Editor's Note: Of all the stories of gymnastics and faith we have heard (and begun to document at our feature on Gymnastics, Faith and Olympic Glory), Sally Ward's is certainly among the most interesting, since her faith required her to walk away from her Olympic dreams.
Sally was first taken to gymnastics classes at the age of 4, after her parents saw her flipping and cartwheeling around the house. Her parents soon withdrew her from her gym and brought her back four years later. Sally went on to become the top-ranked rhythmic gymnast in the country, but she walked away from an all-but-assured position on the 1996 Olympic Team when she heard a calling from God in a hotel in Paris.
Timothy Dalrymple spoke with her by phone.

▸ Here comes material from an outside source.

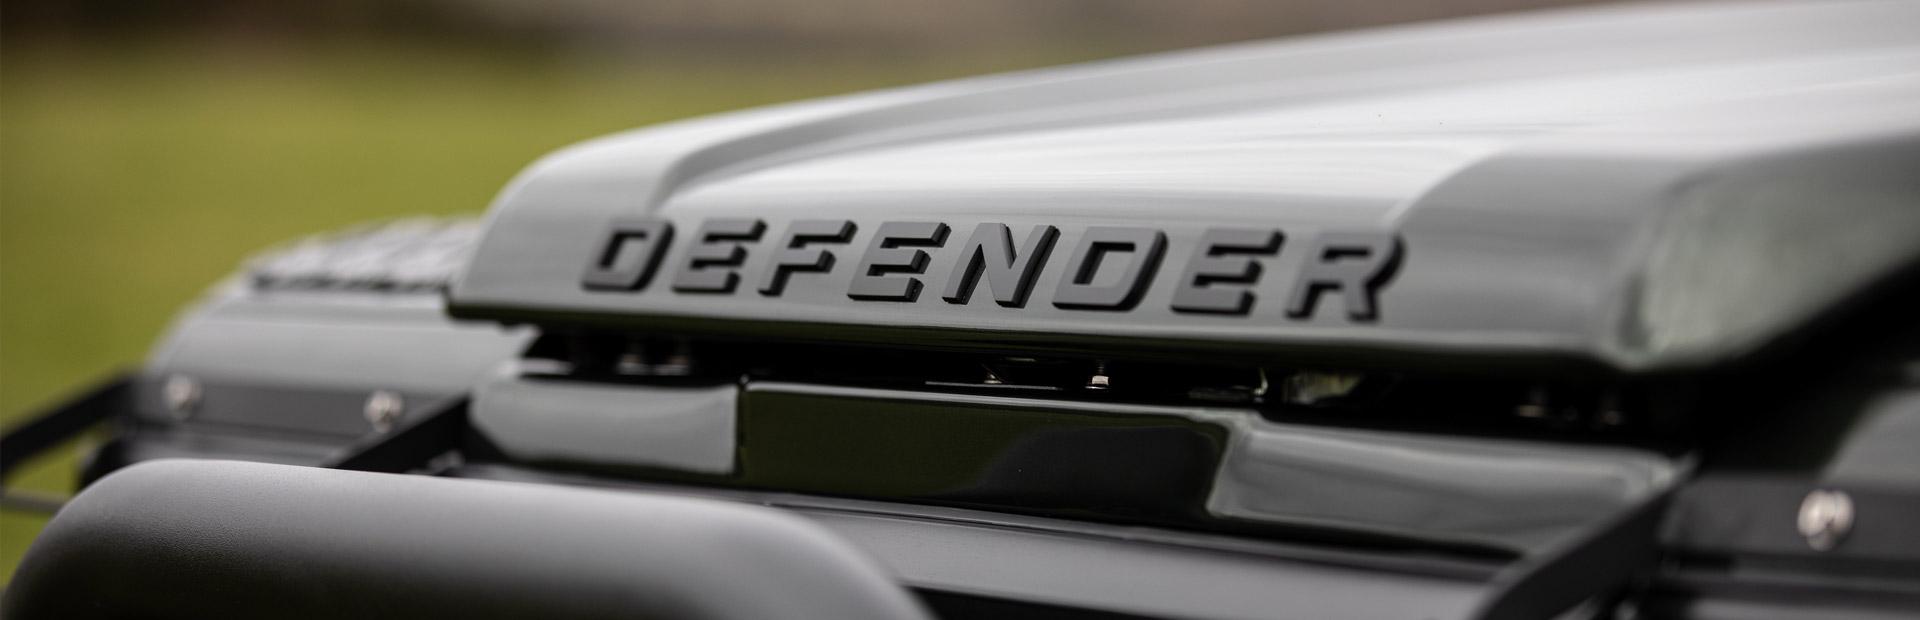 Arkonik The Celt - Custom built Land Rover Defender 110

Your star rose quickly in the world of rhythmic gymnastics when you were a young teenager. Did you excel right from the beginning? How did God factor into your career?
Actually, I wasn't good at rhythmic gymnastics at first. In my first competition, I bawled my eyes out. I loved training, but I was shy and insecure and did not want to compete in front of the crowd. So I cried the whole time. At my first national championships, when I was 11 years old, I came in forty-third out of four-four gymnasts.
I began as a terrible rhythmic gymnast. Then I committed my gymnastics career to God. My dad had led me to Jesus when I was four years old, sitting on his lap on a rocking chair. But I was twelve years old when I really began growing in God and depending on Him. I committed to doing gymnastics as a form of worship to God. I didn't want to quit. I just wanted to do my gymnastics unto the Lord.
The next year, when I was 12, I placed fifth at the national championships and earned a spot on the national team. Then six months later, when the members of the national team competed for a re-ranking and for assignments to international competitions, I got first.
I went from forty-third place to first place in the span of 18 months. God had everything to do with that. As I committed my life and my career to Him, God became my helper. The woman who trained me brought in another coach from Bulgaria, and that too was God's doing. God brought together the team of coaches that I needed.
So yes, I definitely see God's hand in bringing me to the sport and bringing me through it. It's all used for Him. It's not like there was gymnastics and then my relationship with God was something different on the side. God is my life and he was using the sport for Him. It's a blessing to me to be a part of it, but it's all about Him.
You've become well known for the way in which you left gymnastics. Just to get the whole story in place before we discuss other things, please tell us how you discerned that it was time for you to leave.
I was on a world tour with the national team, and my teammates and I were all headed to the Olympics. That was our goal, our focus. Right before the World Championships, I woke up on October the 9th in a hotel room in Paris. I sat up in my bed, and the words of the Holy Spirit arose in my heart: It's time to go home.
In regular circumstances, the Holy Spirit does not speak to me audibly, but I knew I had just heard from the Lord. Those words were so clear and real to me that I had no question what had just happened.
I had not been thinking about retiring. My goal was the Olympics, and I was headed that direction-but I woke up in Paris and God told me to leave.
I was shocked. The World Championships was going to begin in a few days, and God was telling me to retire. It was not what I had been expecting, and yet I had total peace that it was what I should do. My heart accepted what my mind could not understand, and God graced me to do what He asked.
At the time, I could hardly even function physically. I had been away from home for months; I was underweight; we were all injured and working very hard. My teammate was having acupuncture in the hotel room and I was getting shots in my knee. Everything around me was chaotic and unhealthy.
I felt in my heart that I should finish the tour. I knew God was telling me to do that. So I competed that week and did my best. After the tour ended, my coach chose three of us to train with the French national team and prepare routines for the Olympics. We were not yet officially members of the Olympic team, but the intention was to prepare us for that, and all of the other girls on that tour did go on to make the Olympic team.